In Scriven v. Hindley (1913) 3 K.B. 564, A held an auction for the sale of some lots of hemp and some lots of tow.
‘B’ thinking that hemp was being sold, bid for a lot of tow for an amount which was out of proportion to it, and was
only a fair price for hemp.

Held : The contract could be avoided.

(C) Mistake as to the identity of the person contracted with Where A intends to contract with B but by mistake enters
into a contract with C believing him to be B, the contract is void on the ground of mistake. The following cases are
important illustrations of the point:

1. In Cundy v. Lindsay & Co., (1878) 3 App. Cas. 459., one Blenkarn, knowing that Blenkiron & Co., were the
reputed customers of Lindsay & Co., ordered some goods from Lindsay & Co., by imitating the signature of
Blenkiron. These goods were then sold to Cundy, an innocent purchaser. In a suit by Lindsay against Cundy for
recovery of goods, it was held that as Lindsay never intended to contract with Blenkarn, there was no contract
between them and as such even an innocent purchaser of the goods from Blenkarn did not get a good title, and must
return them or pay their price.

2. Similarly, in Lake v. Simmons (1927) A.C. 487, a lady X induced Y to deliver possession of two pearl
necklaces falsely representing that she was the wife of baron Z and that she wanted them for showing them to her
husband for his approval.

Held : Y intended to contract only with the wife of the baron, and not with X herself. Hence, the contract was void
and X could not convey any title even to bonafide buyers.

3. Philips v. Brooks (1919) 2 K.B. 243. The facts of this case should, however, be contrasted with Lake v.
Simmons. In this case a man, N, called in person at a jeweller’s shop and chose some jewels, which the jeweller was
prepared to sell him as a casual customer. He tendered in payment a cheque which he signed in the name G, a person
with credit. Thereupon N was allowed to take away the jewels which N pledged with B who took them in good faith.

Held : The pledgee, B, had a good title since the contract between N and the jeweller could not be declared void on
the ground of mistake but was only voidable on the ground of fraud. Horridge, J. held that although the jeweller
believed the person to whom he was handing the jewels was G, he in fact contracted to sell and deliver to the person
who came into his shop. The contract, therefore, was not void on the ground of mistake but only voidable on the
ground of fraud. The Learned Judge cited with approval an American case of Edmunds v. Merchant Despatch Co.,

135 Mass. 283 in which Moorton, C.J. said,’ ‘The minds of the parties met and agreed upon all the terms of the sale,
the thing sold, the price and terms of payment, the person selling and the person buying..... The plaintiff could not
have supposed that he was selling to another person: his intention was to sell to the person present and identified by
sight and hearing, it does not affect the sale because the buyer assumed a false name and practised any other deceit to
induce the vendor to sell.”

MISTAKE OF LAW (Section 21)

Mistake of law may be (a) Mistake of Law of the Land, and (b) Mistake of Foreign Law.
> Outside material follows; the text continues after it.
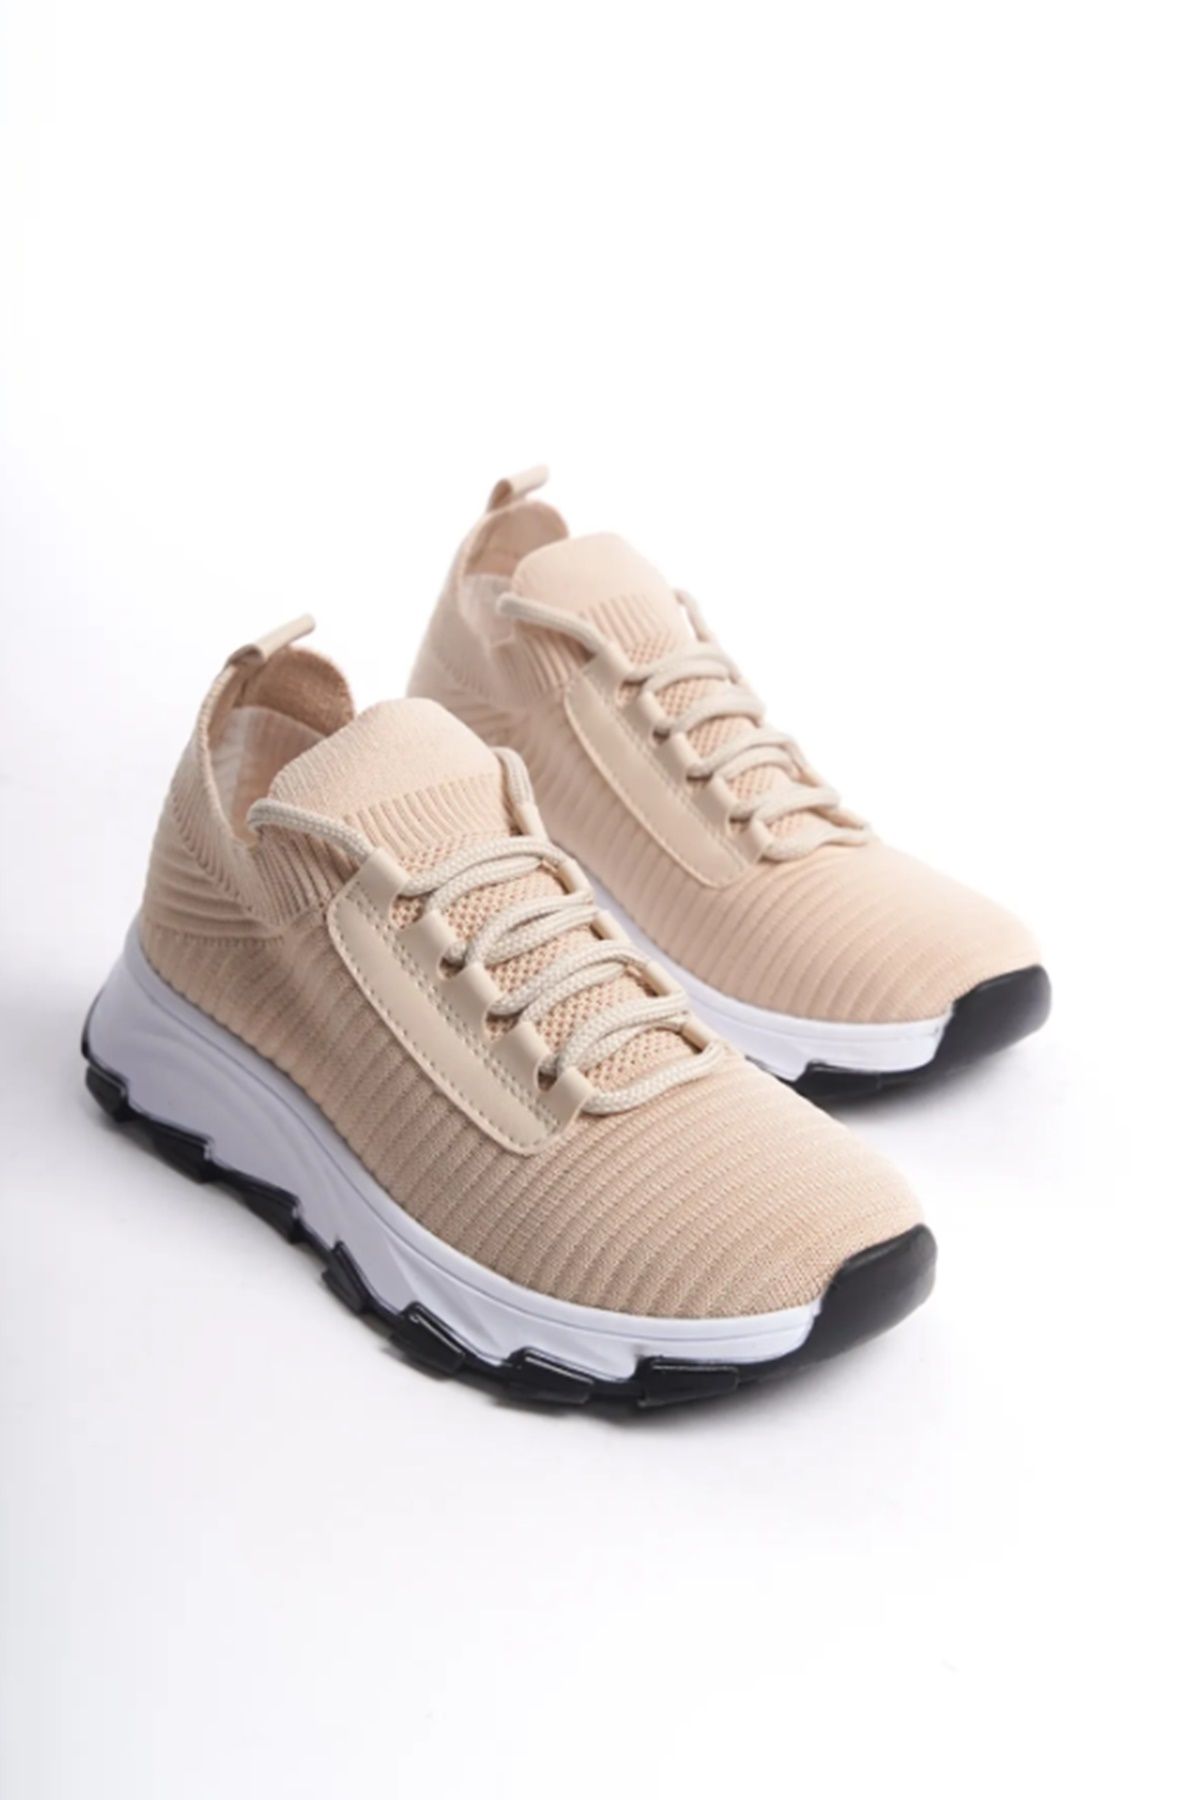 Grafen Kids Triko Garantili Bağcıklı Günlük Kadın Sneaker Yürüyüş Ayakkabısı

Mistake of Law of the Land

In this regard, the rule is “Ignorantia juris non excusat,” i.e., ignorance of law is no excuse. Following this principle,
Section 21 declares that “A contract is not voidable because it was caused by a mistake as to any law in force in
India.”

Thus, where, ‘A’ and ‘B’ make a contract grounded on the erroneous belief that a particular debt is barred by the
Indian Law of Limitation; the contract is not voidable.

Mistake of Foreign Law

The above maxim that ‘ignorance of law is no excuse’ applies only to the law of the country and not to foreign law.
The mistake of foreign law is to be treated as a mistake of fact. Section 21 reads, ‘‘A mistake as to a law not in force
in India has the same effect as a mistake of fact.”

Consequences of Mistake

Mistake renders a contract void and as such in case of a contract which is yet to be performed the party complaining of
the mistake may repudiate it, i.e., need not perform it. If the contract is executed, the party who received any
advantage must restore it or make compensation for it, as soon as the contract is discovered to be void.